Cape Town Fish Market Zanzibar

#14 in Zanzibar South African / Japanese · Seafood $$ Forodhani Waterfront, Stone Town, Zanzibar
FF

Reviewed by Fredrik Filipsson · Visited Q1 2026

Lead Curator, Restaurants for Kings

"Waterfront, unpretentious, and relentlessly good with the catch. Prawns by the dozen, sashimi from the same kitchen, South African wine poured against a Stone Town sunset — the birthday dinner that feeds a crowd generously without embarrassing the host."

8.1Food
7.9Ambience
8.2Value

About Cape Town Fish Market Zanzibar

Cape Town Fish Market is a chain — the name refers to a South African restaurant group with branches across southern Africa and Namibia — and for some travellers that is already a disqualification. That instinct deserves to be set aside here. The Zanzibar branch occupies one of the most consequential addresses on the island: the waterfront edge of Forodhani Gardens, with the Indian Ocean at its feet, the silhouette of Stone Town behind, and a sunset angle that does more for a reservation than any menu ever could.

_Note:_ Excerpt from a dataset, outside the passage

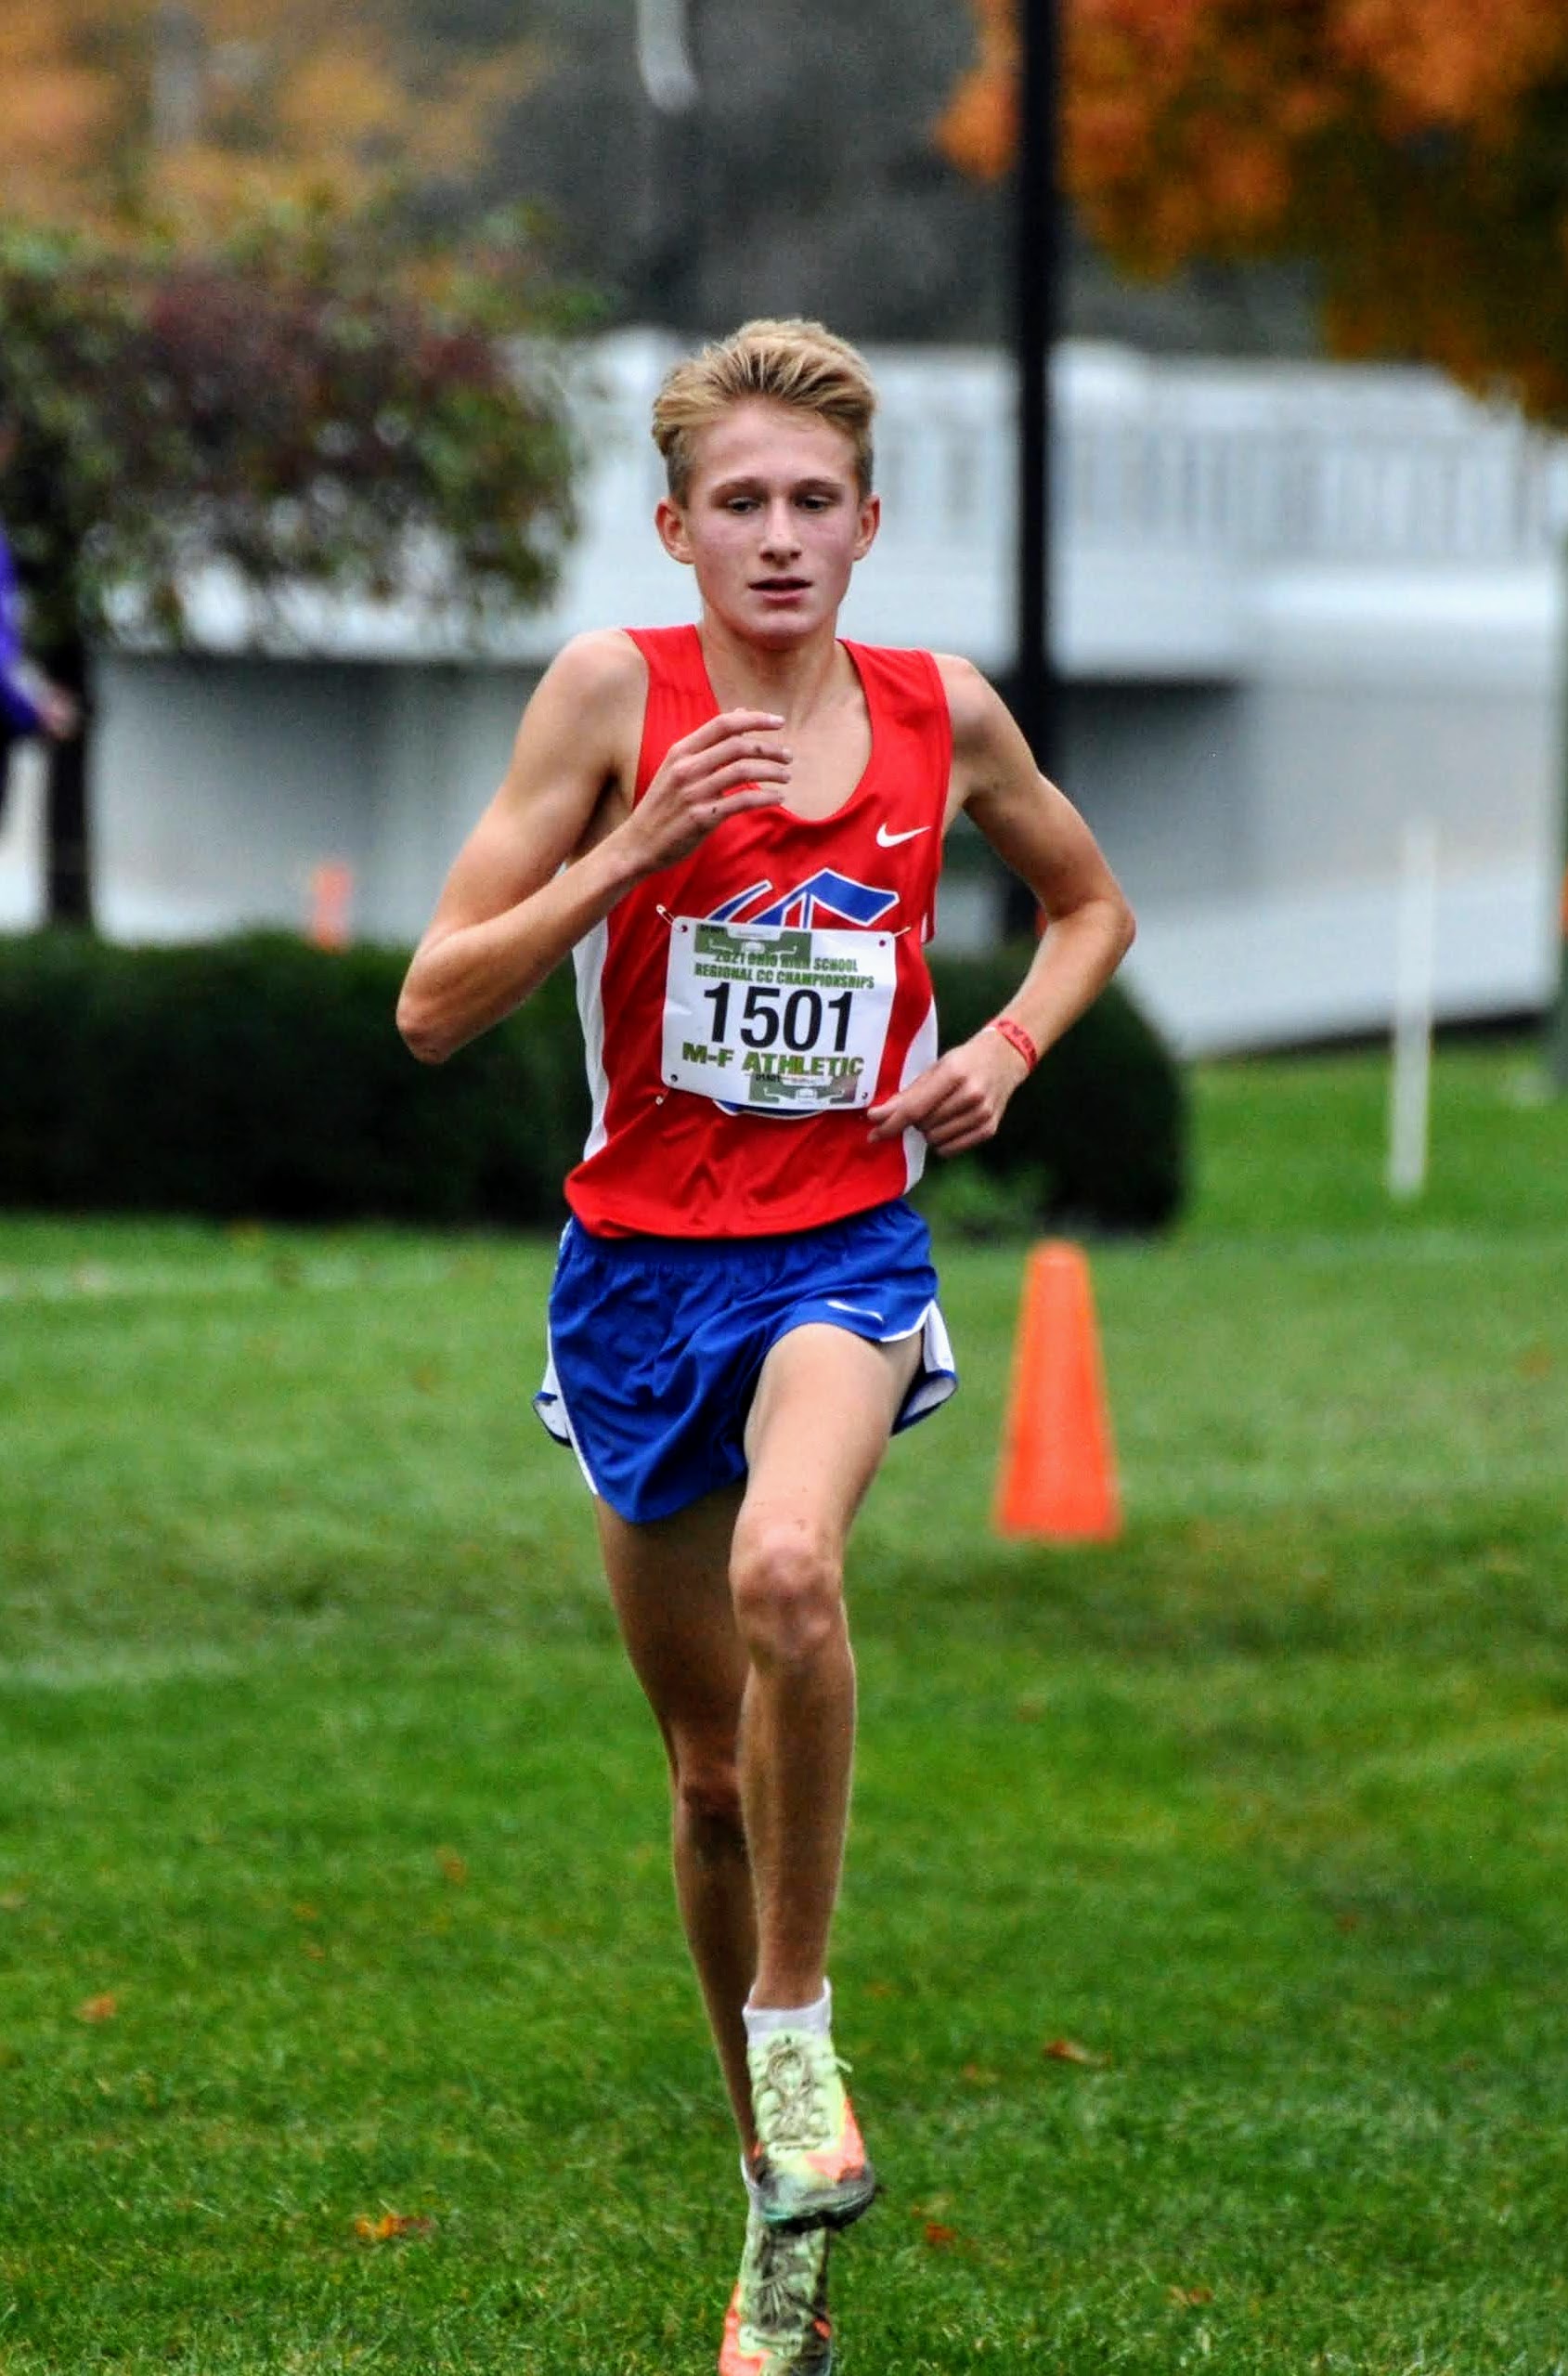 2021 OHSAA Cross Country Regional Champion Jack Agnew

The kitchen cooks in two registers. On one side, a grill and fryer turn out the South African seafood canon — fish and chips, prawns grilled or flamed with garlic butter, calamari, lobster tails, a generous mixed platter. On the other, a small but disciplined sushi counter produces sashimi, nigiri and maki from the same fish landed that morning, to a standard that is genuinely surprising for a chain restaurant on an Indian Ocean island. The overlap is deliberate. A sashimi starter and a grilled platter main course, shared across two people, is the house move — and it works.

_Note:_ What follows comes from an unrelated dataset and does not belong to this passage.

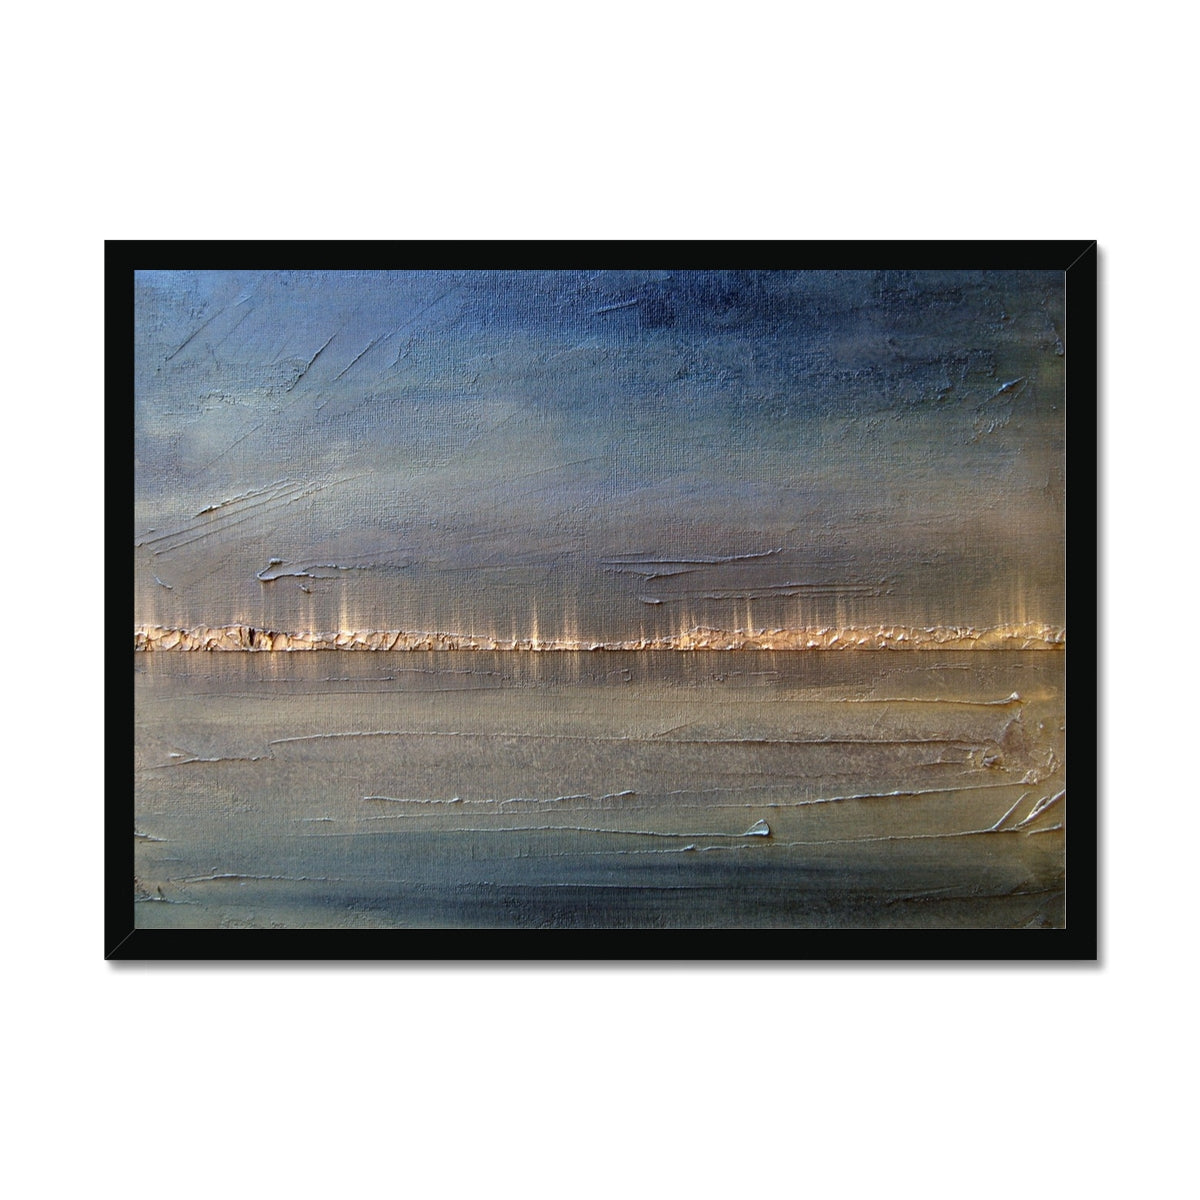 Distant Lights Lake Ontario Painting | Framed Prints From Scotland-Framed Prints-World Art Gallery-A2 Landscape-Black Frame-Paintings, Prints, Homeware, Art Gifts From Scotland By Scottish Artist Kevin Hunter

The wine list is where the South African ownership pays its clearest dividend. Rustenberg, Mulderbosch, Meerlust, the Bouchard Finlayson Pinot Noir — a roll call of Western Cape winemakers that would be expensive and awkward to assemble in Stone Town without a parent company that knows exactly which bottles to ship where. The by-the-glass selection is unusually sensible. The cocktail list — gin, rum, coconut and lime in various configurations — is competent rather than inspired.

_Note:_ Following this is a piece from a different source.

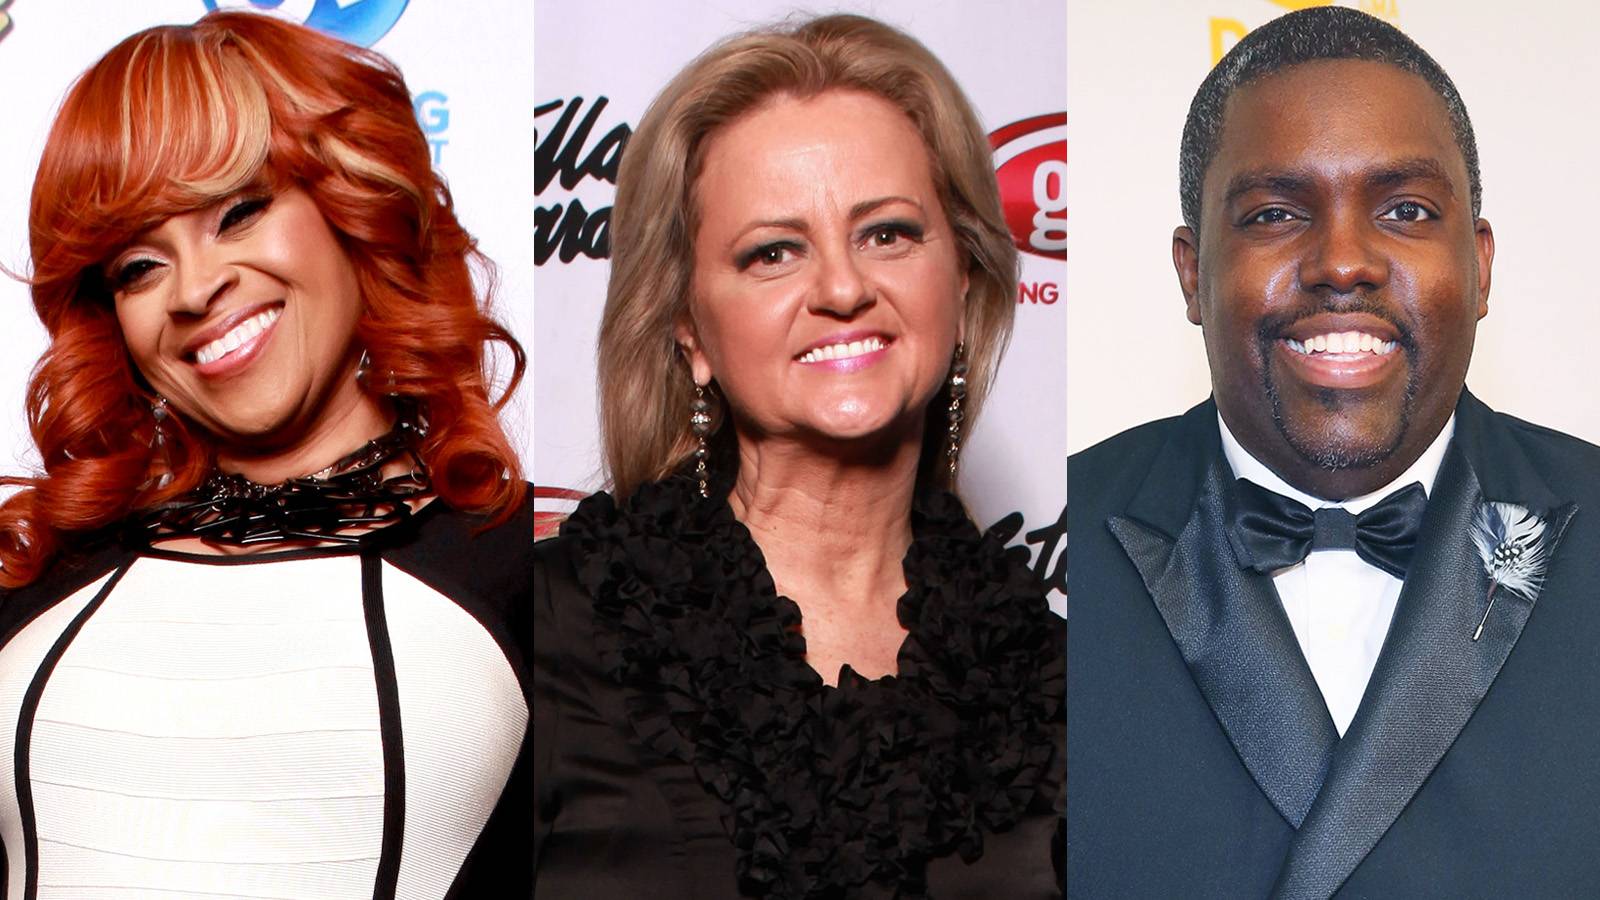 Bobby Jones Gospel Welcomes Karen Clark Sheard, Vicki Yohe and More - Check these gospel stars out on Bobby Jones Gospel in the BET Now app to see them perform and chat with Dr. Jones during the farewell season. (Photos from left: Royce DeGrie/Getty Images for UP Entertainment, Royce DeGrie/Getty Images for GMC TV, Terry Wyatt/Getty Images for Dove Awards)

The atmosphere is deliberately informal. The restaurant is a long open terrace facing the water, with hurricane lanterns on the tables, a live musician (typically a guitarist) from around seven, and enough ambient noise from the Forodhani market next door that conversations feel covered without being drowned. Service is South African-trained, which in this part of the world means friendly, efficient and occasionally slightly too attentive. The dress code is functional. Reservations are recommended in high season (July–August, December–February) and essential on weekends, but walk-ins are handled gracefully when capacity allows.

Two practical observations. Firstly, the sunset tables — the outermost row, closest to the seawall — are allocated by request at reservation rather than by priority of arrival; ask when you book. Secondly, portions run generous, in the South African manner. Three starters shared across four people, two mains and two desserts is usually the correct quantity, and leaves room for a second bottle without discomfort.

Best for: Birthday

For a birthday that wants theatre without formality — a sunset over the Indian Ocean, grilled lobster and a bottle of South African Chardonnay, without the gravity and price tag of The Rock or Emerson Spice — Cape Town Fish Market hits the exact mark. A group of six on the seafront terrace, sashimi platters to start and a mixed seafood platter to anchor the table, delivers the birthday dinner that the birthday in question will actually remember. The kitchen will accommodate a candle on a plate of malva pudding if asked politely.

Best for: Team Dinner

For visiting teams in Stone Town — a consultancy kick-off, a conference delegation, a board scouting trip — Cape Town Fish Market solves three problems at once. Everyone can find something on the menu (prawns, sushi, steak, vegetarian). The price point is civil rather than confrontational. And the waterfront setting delivers the "Zanzibar moment" for colleagues who may not have another chance to get outside the hotel. Large tables are handled competently; group set menus available on request.

Best for: First Date

Not the first date that needs to impress — for that, reserve Emerson Spice or The Rock. But the first date that wants movement, views, shared plates, and a clean exit onto the Forodhani promenade afterwards — that version of the evening runs efficiently here. Low enough key to feel casual, high enough key to feel considered.